Shotgun metagenome processing, full assembly, and targeted assembly
Raw reads were first trimmed using Trimmomatic (33). The PEAR (v0.9.11) software was used to merge raw Illumina paired-end reads (34), followed by assembly of the merged paired-end and single-end sequences of the metagenomic data sets using MEGAHIT (v1.2.9) (35). Three types of metagenomic assembly approaches were employed and compared, including single-sample assembly, multi-sample assembly, and targeted assembly. For both single-sample and multi-sample assemblies, all reads were used as input to MEGAHIT. In addition, two existing targeted assembly tools, Xander (25) and SAT-assembler (28), were employed. The resulting contigs were compared against NCycDB (5) using DIAMOND (option: -k 1 -e 1 -id 0.3) to identify targeted contigs. For targeted assembly, the paired-end reads were first searched against NCycDB (5) using DIAMOND with the same relaxed parameters (option: -k 1 -e 1 -id 0.3). This relaxed cutoff was chosen to capture a broader range of potentially relevant sequences, ensuring the inclusion of all reads associated with amo and pmo genes. And the reads with the best hit to amo and pmo genes were then extracted as input into MEGAHIT and SPAdes (v4.2.0). All extracted reads were used as input for targeted assembly, and no abundance cutoff was employed. For all three assembly approaches, a range of kmer sizes (-k-min 29 -k-max 141) was utilized.
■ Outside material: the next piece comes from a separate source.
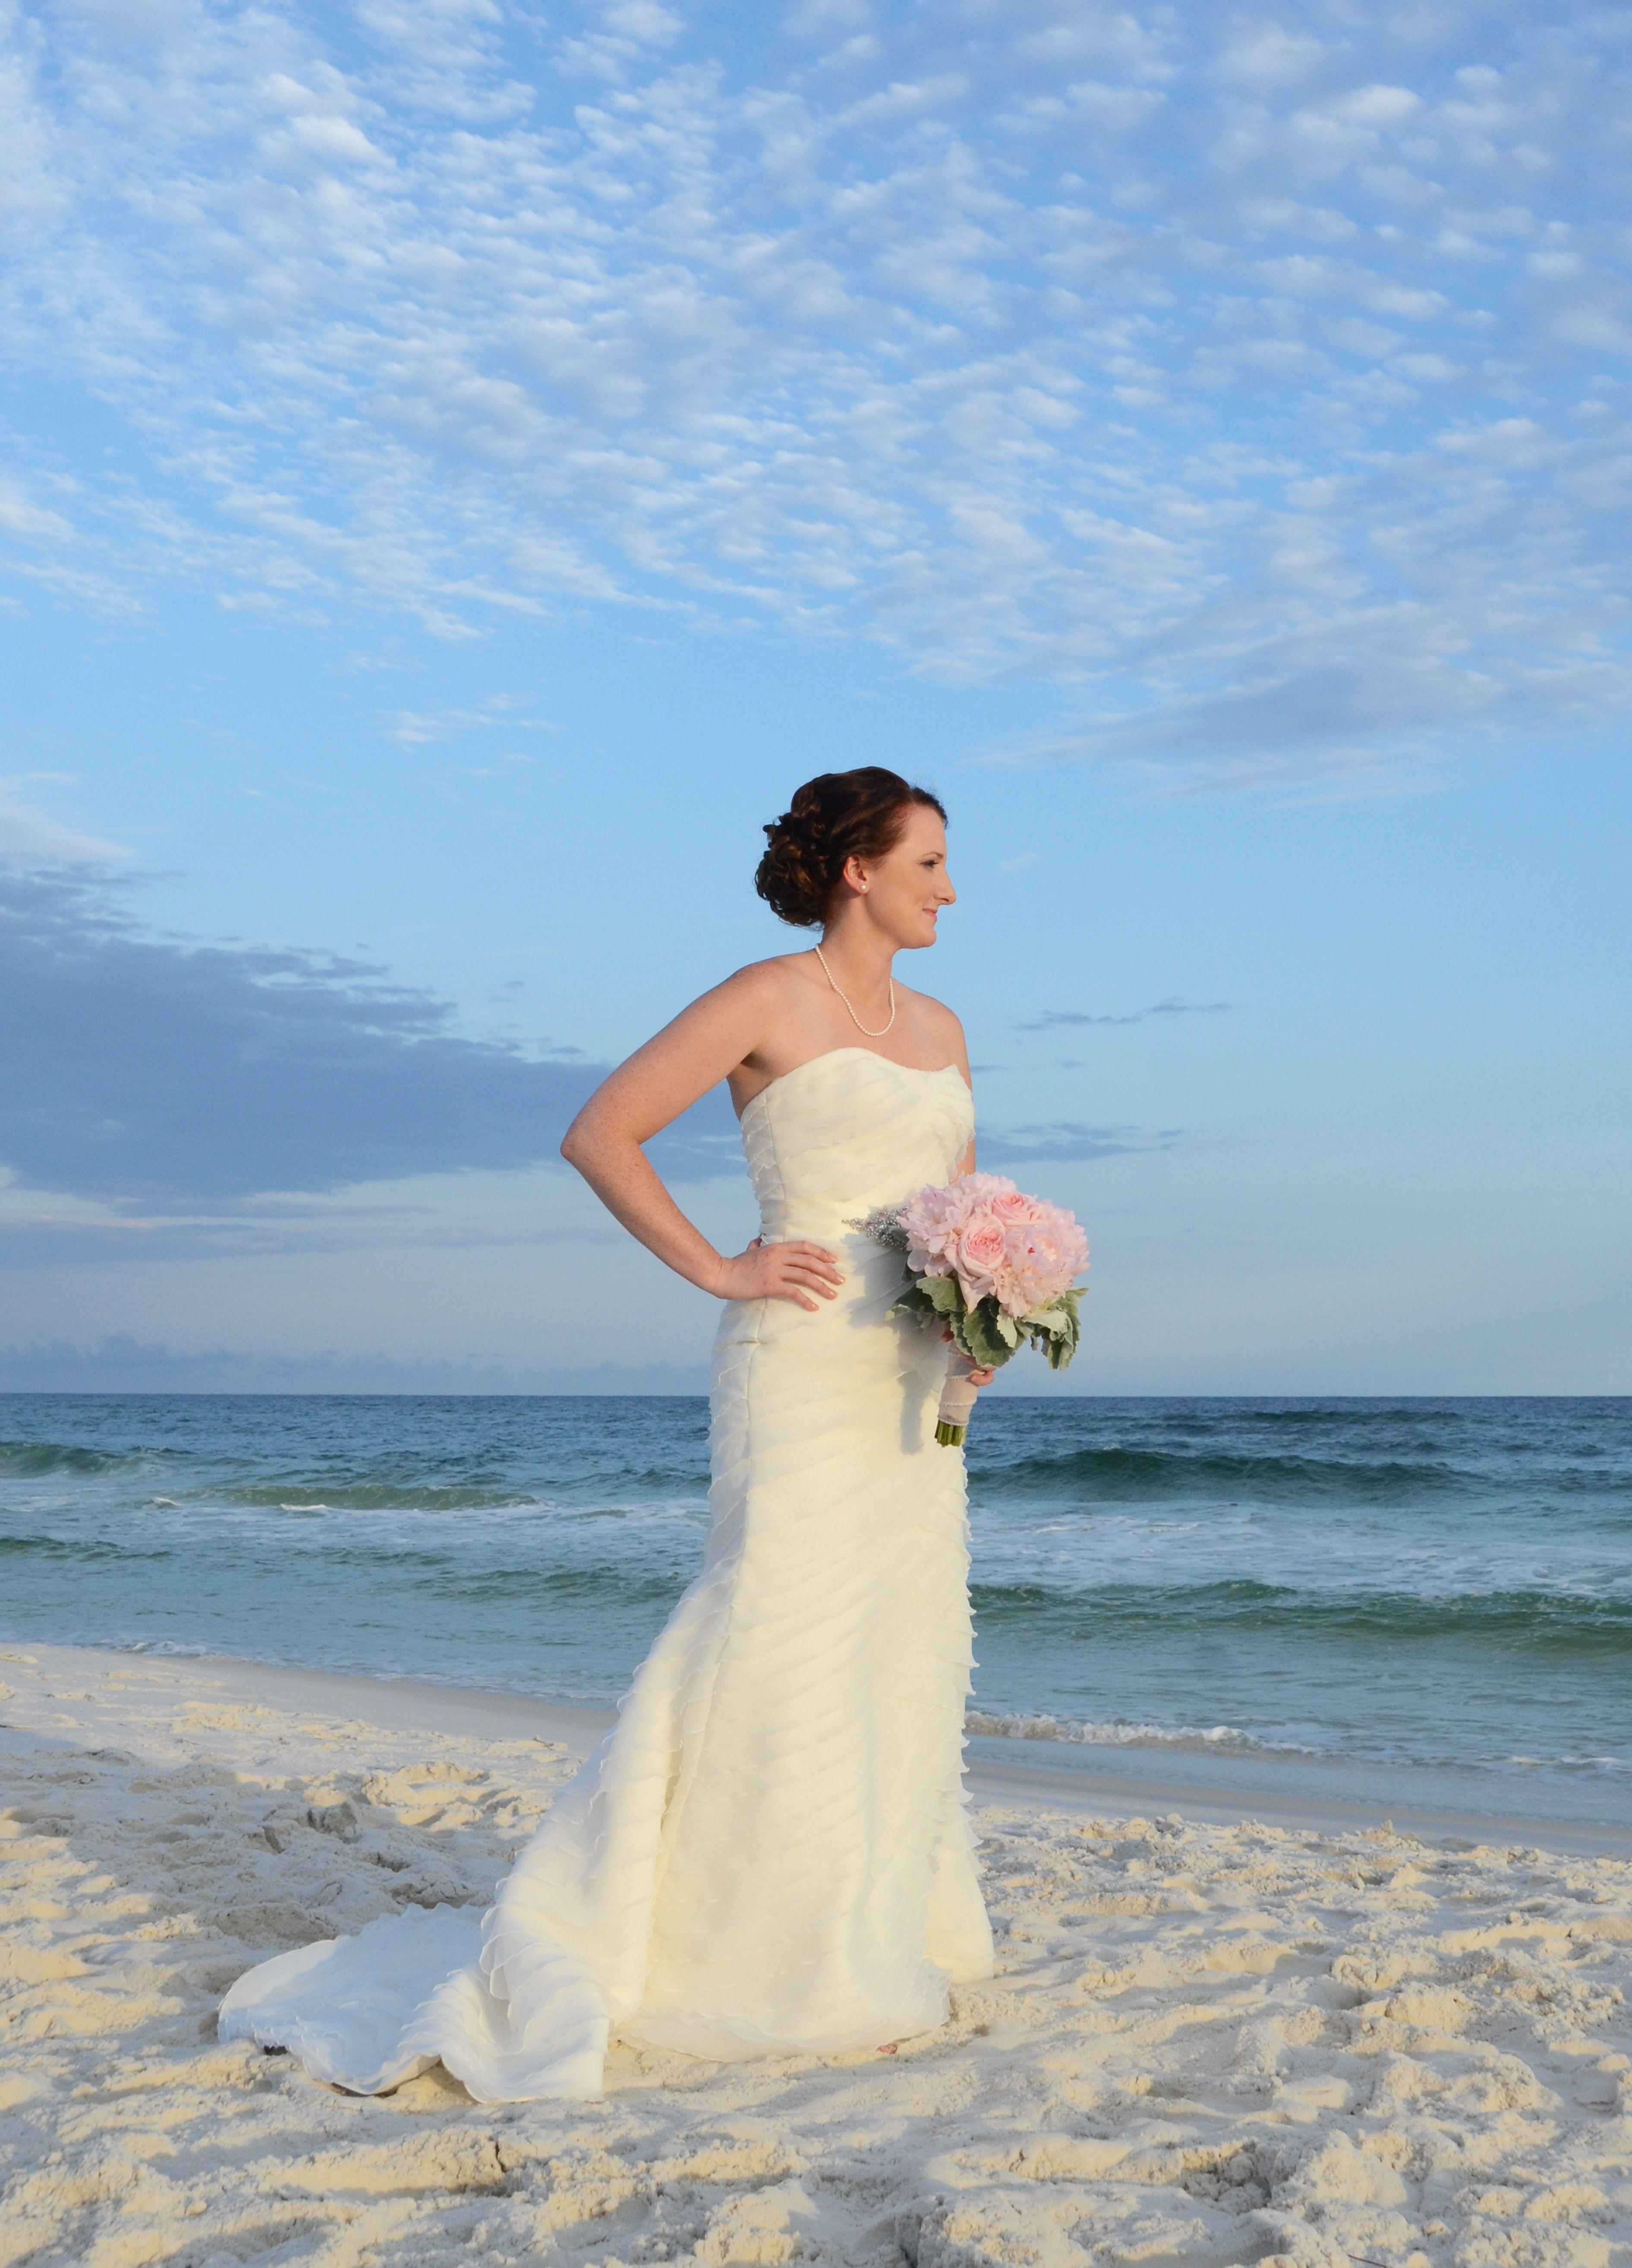 Beach weddings fort walton beach wedding packages sunset beach - Okaloosa Island Fort Walton Beach Florida Destination Beach Wedding

For each assembly, the resulting consensus contig data set, generated by merging data from various k-mer sizes, was preserved for subsequent analysis.
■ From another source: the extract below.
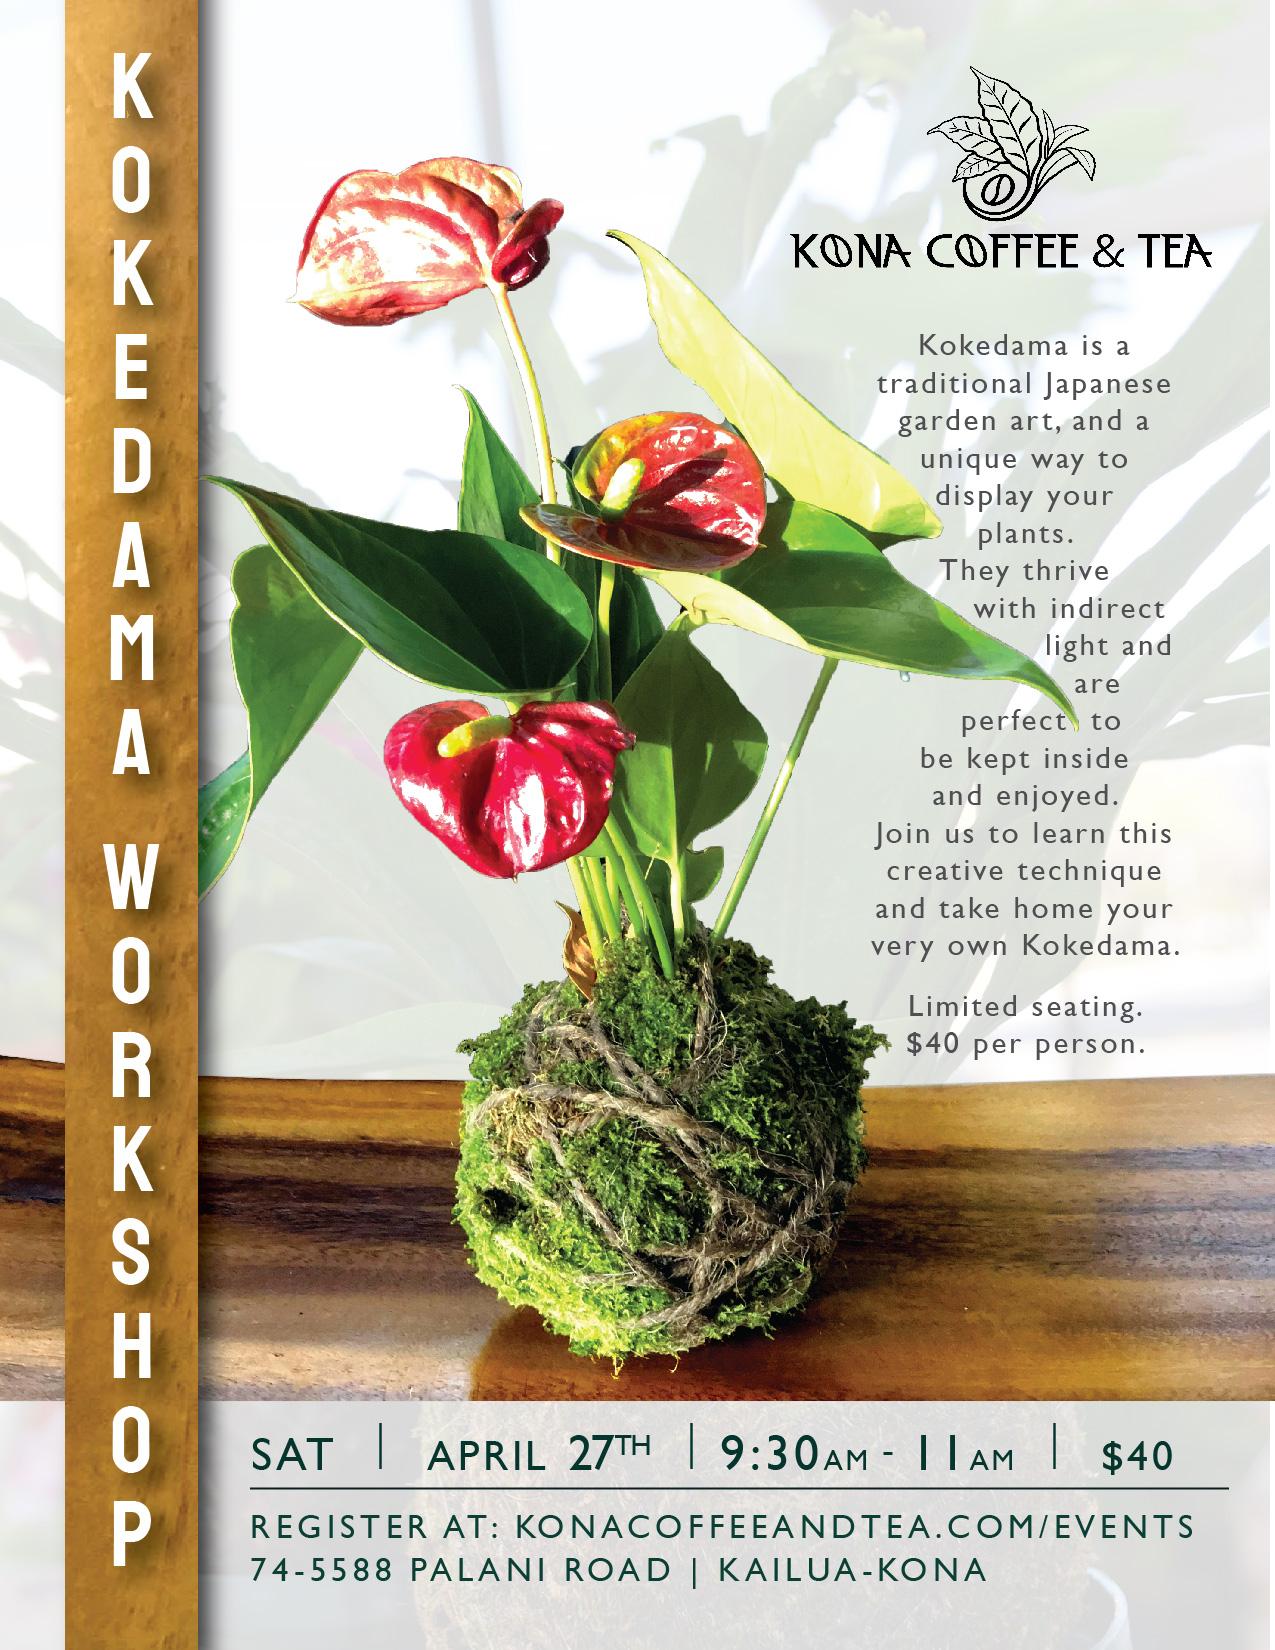 Web_Kokedama Workshop_4.27.19_Kona Coffee and Tea-01-01.jpg

The targeted contigs then underwent redundancy removal using CD-HIT (v4.6.2) (36). FragGeneScan (v1.18) was used to predict genes in contigs (options: -complete = 1 -train = complete) (37). Two methods of the USEARCH (v11) program including uchime_ref (38) and uchime_denovo (39, 40) were used to detect potential chimeras using default parameters. In addition, two methods implemented in Mothur (v2.20) (41, 42), namely chimera.perseus (43) and chimera.vsearch (41), were also applied with default settings. The amo sequences in NCycDB were used as the database to judge chimeric sequences when using the uchime_ref and chimera.vsearch algorithm. The predicted coding sequences were also searched against the NCycDB functional gene database using the DIAMOND program for functional gene annotation of amo and pmo genes, with a more stringent threshold (option: -k 1 -e 0.00001 -id 0.3) applied to ensure higher specificity in identifying relevant genes. The contigs containing amo genes were then identified and reserved for further analyses.
Statistical analyses
MetaQUAST (v5.2.0) was used to assess the assembly quality of the three assembly methods, including parameters such as N50, N90, L50, and L90 (44). The EggNOG Database (45–47) and NCBI Database (48, 49) were used for amo operon functional annotation. Taxonomic assignments were carried out by the Kraken2 (v2.1.3) program (31). Bowtie2 (v2.5.4) was used to align the raw reads against the contigs (50). Samtools was used to sort and convert SAM files to BAM format (51). The R package “vegan” (v2.7-1) was used to calculate both alpha and beta diversity (52). The spatial turnover rates for DDR were calculated as the linear least-squares regression relationships between the log-transformed geographic distance and community similarity [based on 1 – (dissimilarity of the Bray-Curtis distance metric)]. The slope coefficients for TAR were estimated using linear regression in a log-transformed space based on the observed community richness. DDR and TAR were analyzed separately for bacterial amo and archaeal amo genes. MAFFT (v7.525) was used for sequence alignment of the extracted genes (53). The aligned sequences were used to infer phylogenetic relationship using FastTree (v2.2) (54). The tree files were uploaded to the Interactive Tree of Life (https://itol.embl.de) for visualization (55).
RESULTS
An overview of metagenomic recovery of microbial functional genes
Two major approaches, including amplicon and shotgun metagenome sequencing (56, 57), are commonly used to recover important microbial functional genes in complex environments (Table 1). In general, amplicon sequencing recovers more functional gene variants (e.g., OTUs and ASVs) than shotgun metagenomes, but it faces a critical issue: the recovered genetic diversity is highly constrained by the coverage of PCR primers, which is usually low for functional genes (58). In contrast, shotgun metagenome sequencing holds the potential to recover untargeted genes by the primers but is usually low in the number and abundance of recovered genes via typical assembly approaches (23). In addition, critical issues exist in recovering microbial functional genes via assembly approaches. First, assembly of full metagenome data sets is extremely resource- and time-consuming (25, 26), constraining efficient recovery of targeted functional genes from shotgun metagenomes. Second, shotgun metagenome assembly is likely biased to generate contigs for abundant microbial functional genes (59, 60) but not low abundant ones. Therefore, there is an urgent need to recover microbial functional genes covering high genetic diversity.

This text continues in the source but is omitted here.